What to work on
With the exception of the pictures, transcribe the entire listing exactly.

Data provided

* * * *

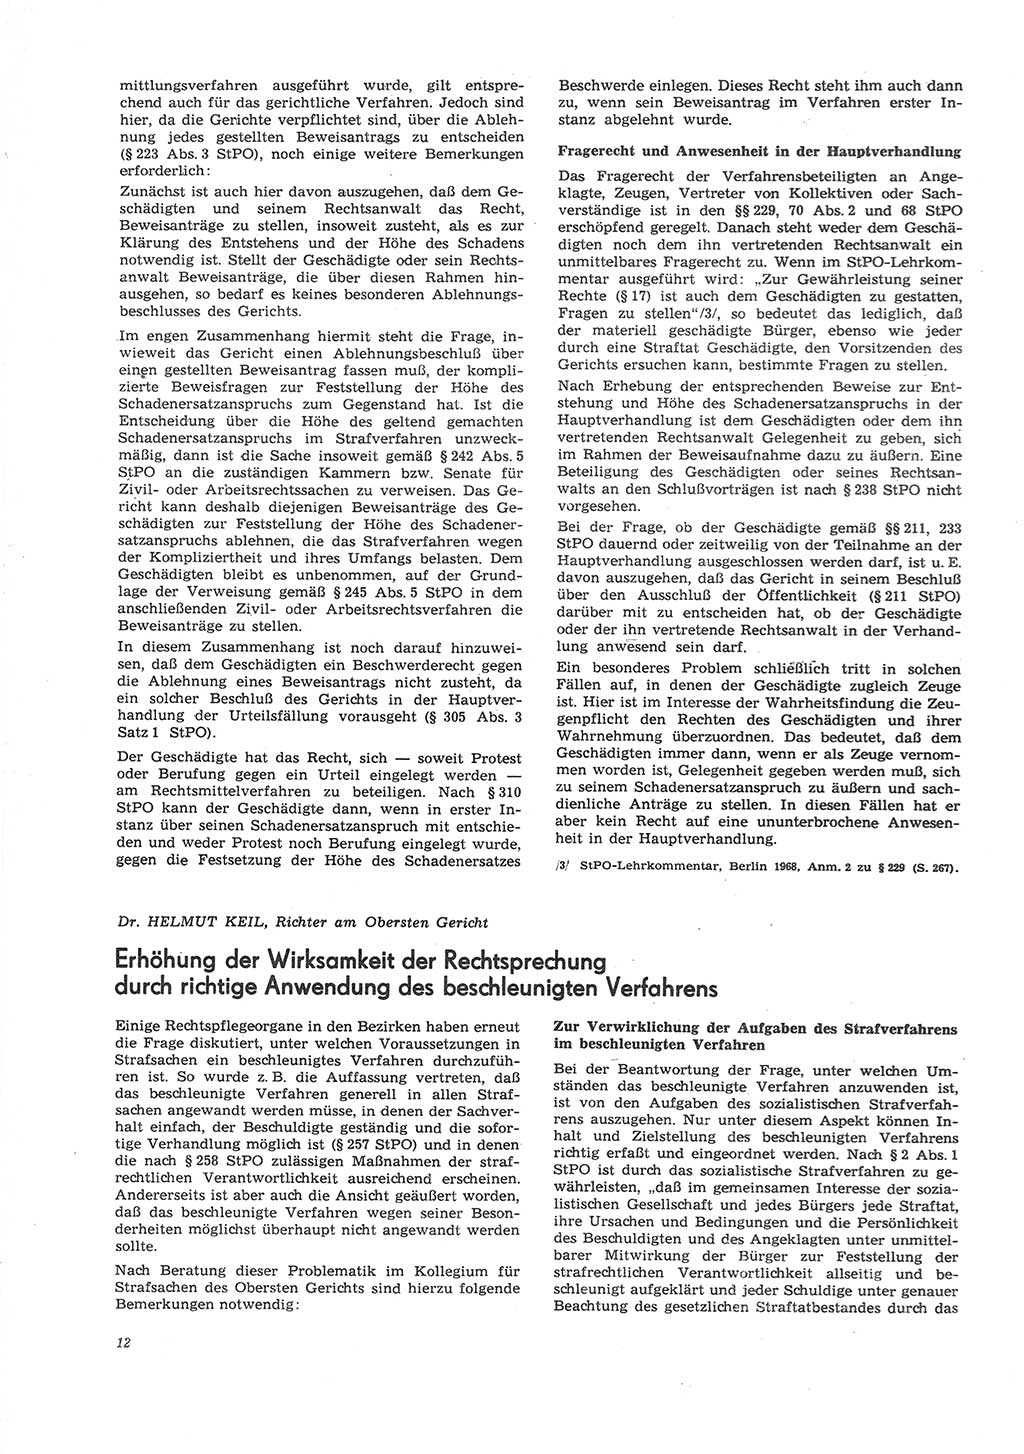 Neue Justiz (NJ), Zeitschrift für Recht und Rechtswissenschaft [Deutsche Demokratische Republik (DDR)], 26. Jahrgang 1972, Seite 12 (NJ DDR 1972, S. 12)
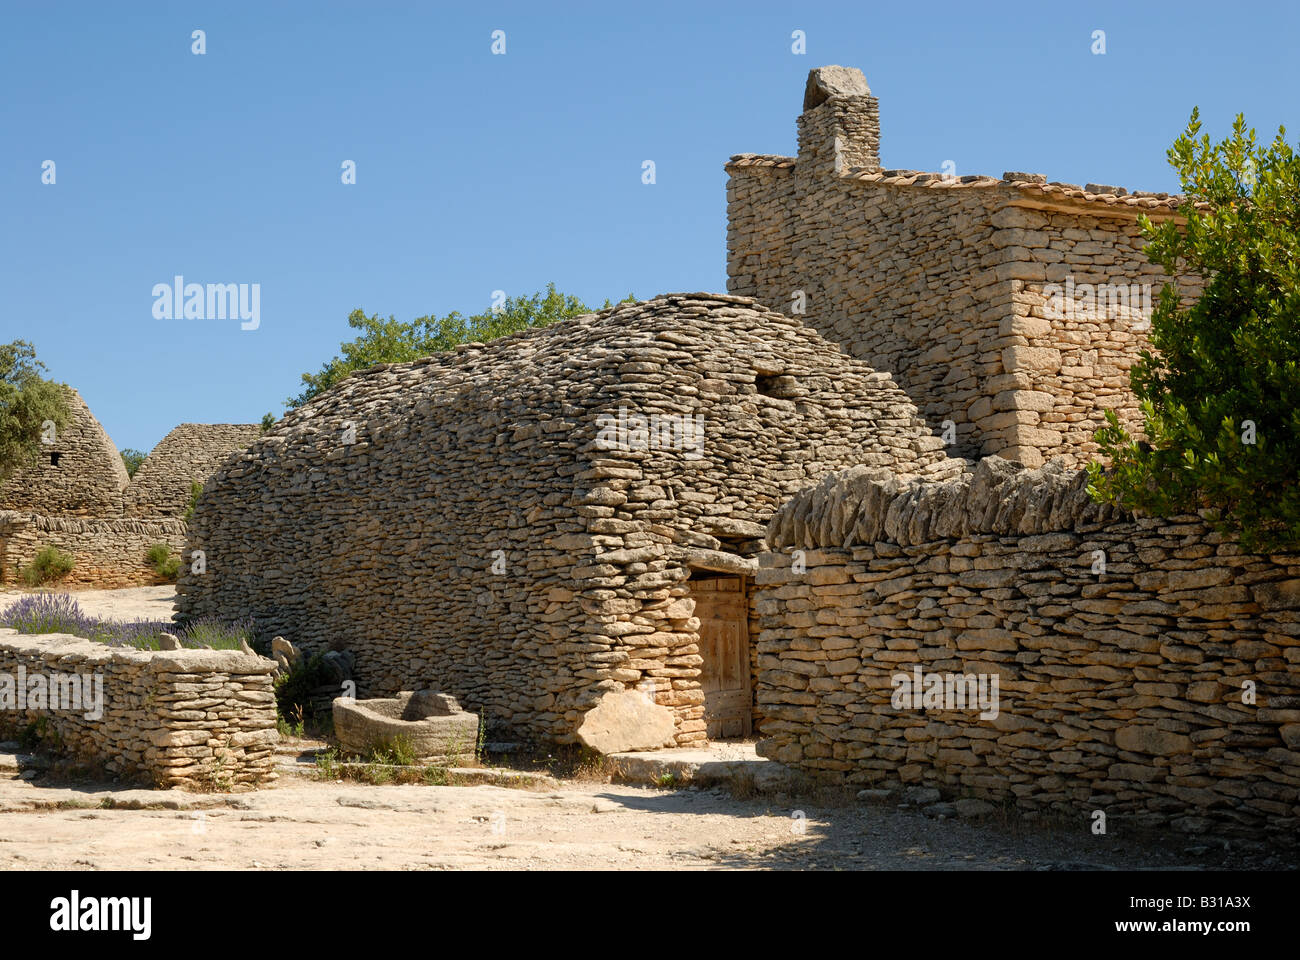 Village médiéval de bories, dans le sud de la France Banque D'Images
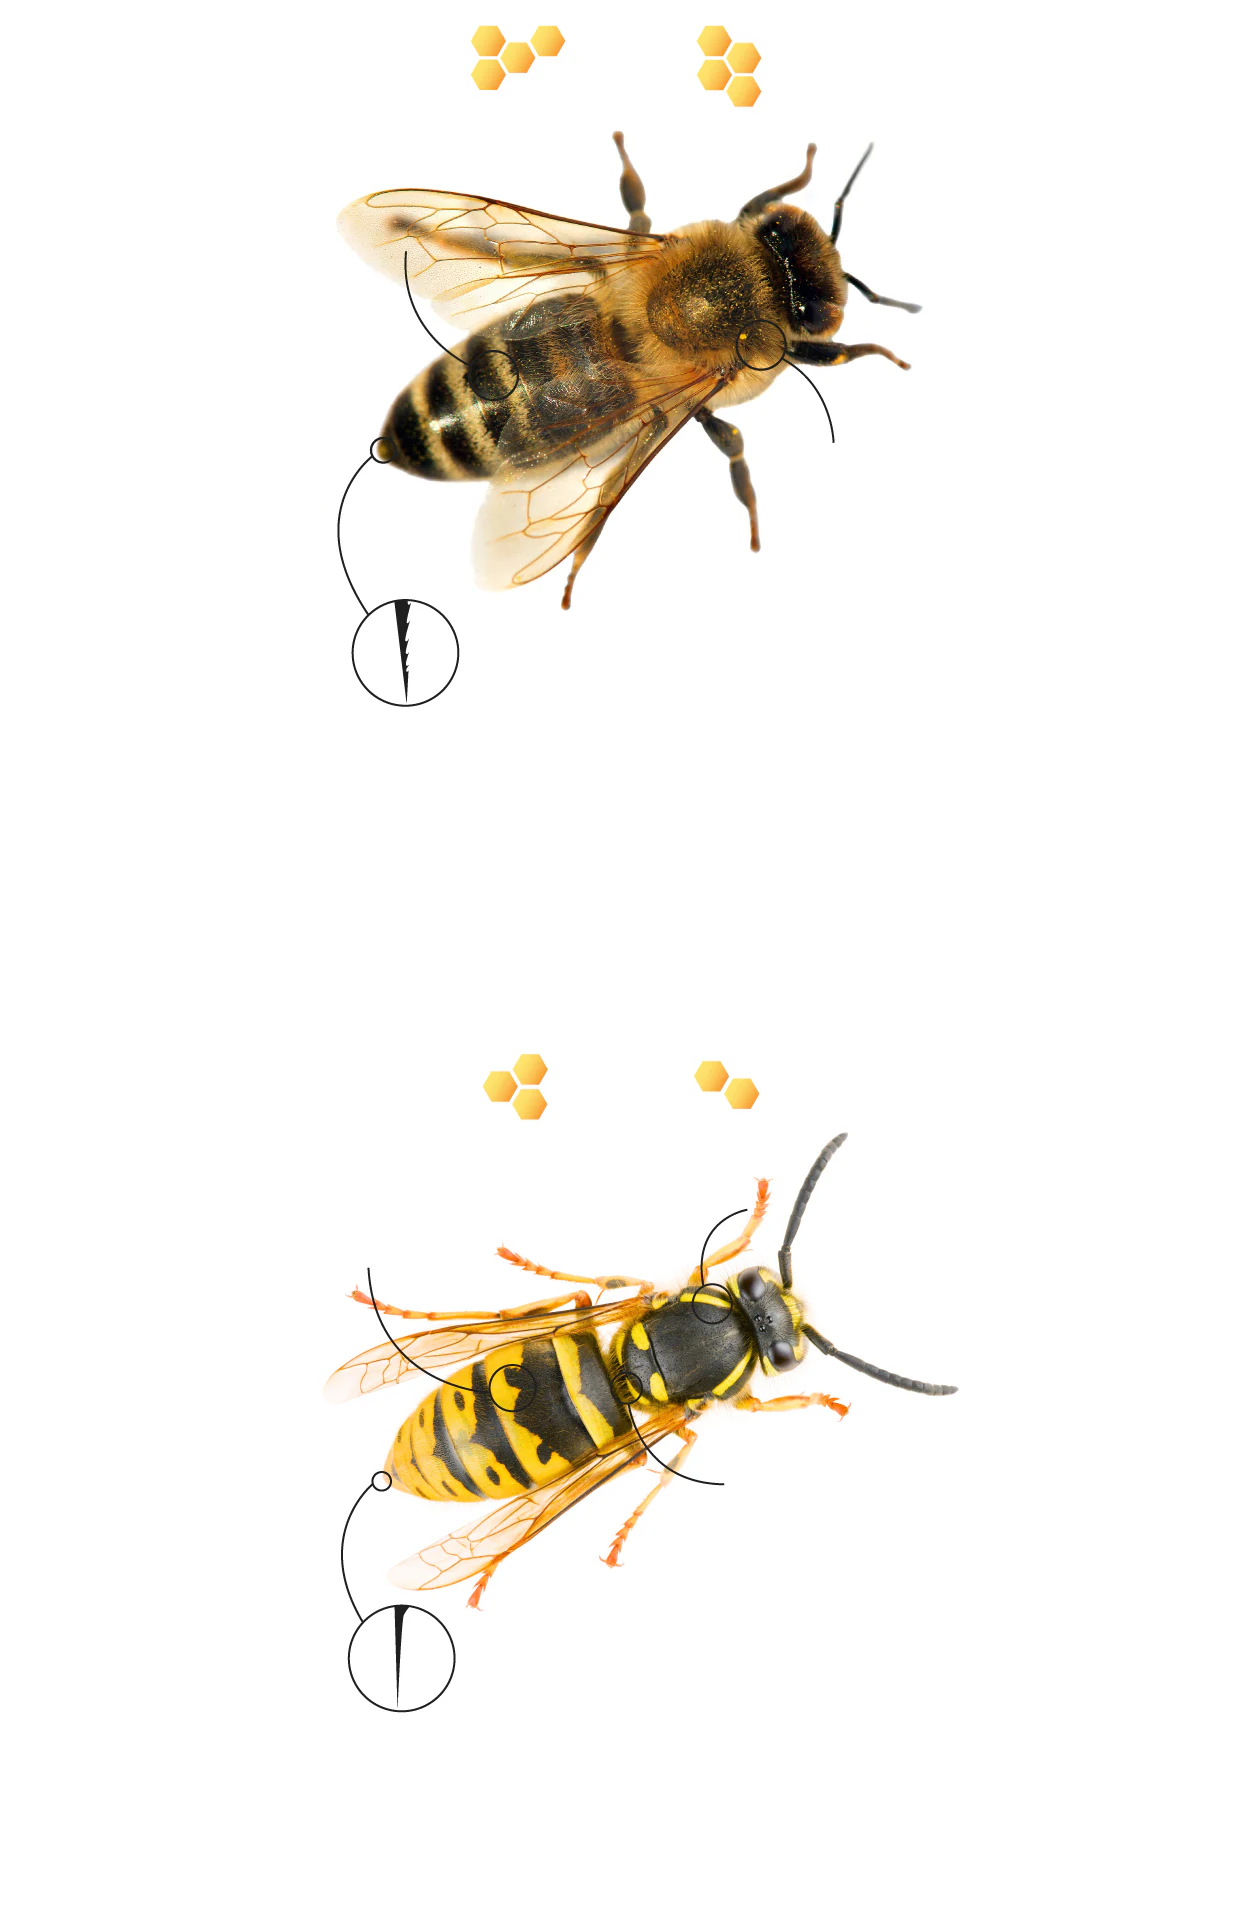 Picadura de avispa o abeja: cómo debemos actuar

* * * *

Answer space
 Neue Justiz (NJ), Zeitschrift für Recht und Rechtswissenschaft [Deutsche Demokratische Republik (DDR)], 26. Jahrgang 1972, Seite 12 (NJ DDR 1972, S. 12)
 Village médiéval de bories, dans le sud de la France Banque D'Images
 Picadura de avispa o abeja: cómo debemos actuar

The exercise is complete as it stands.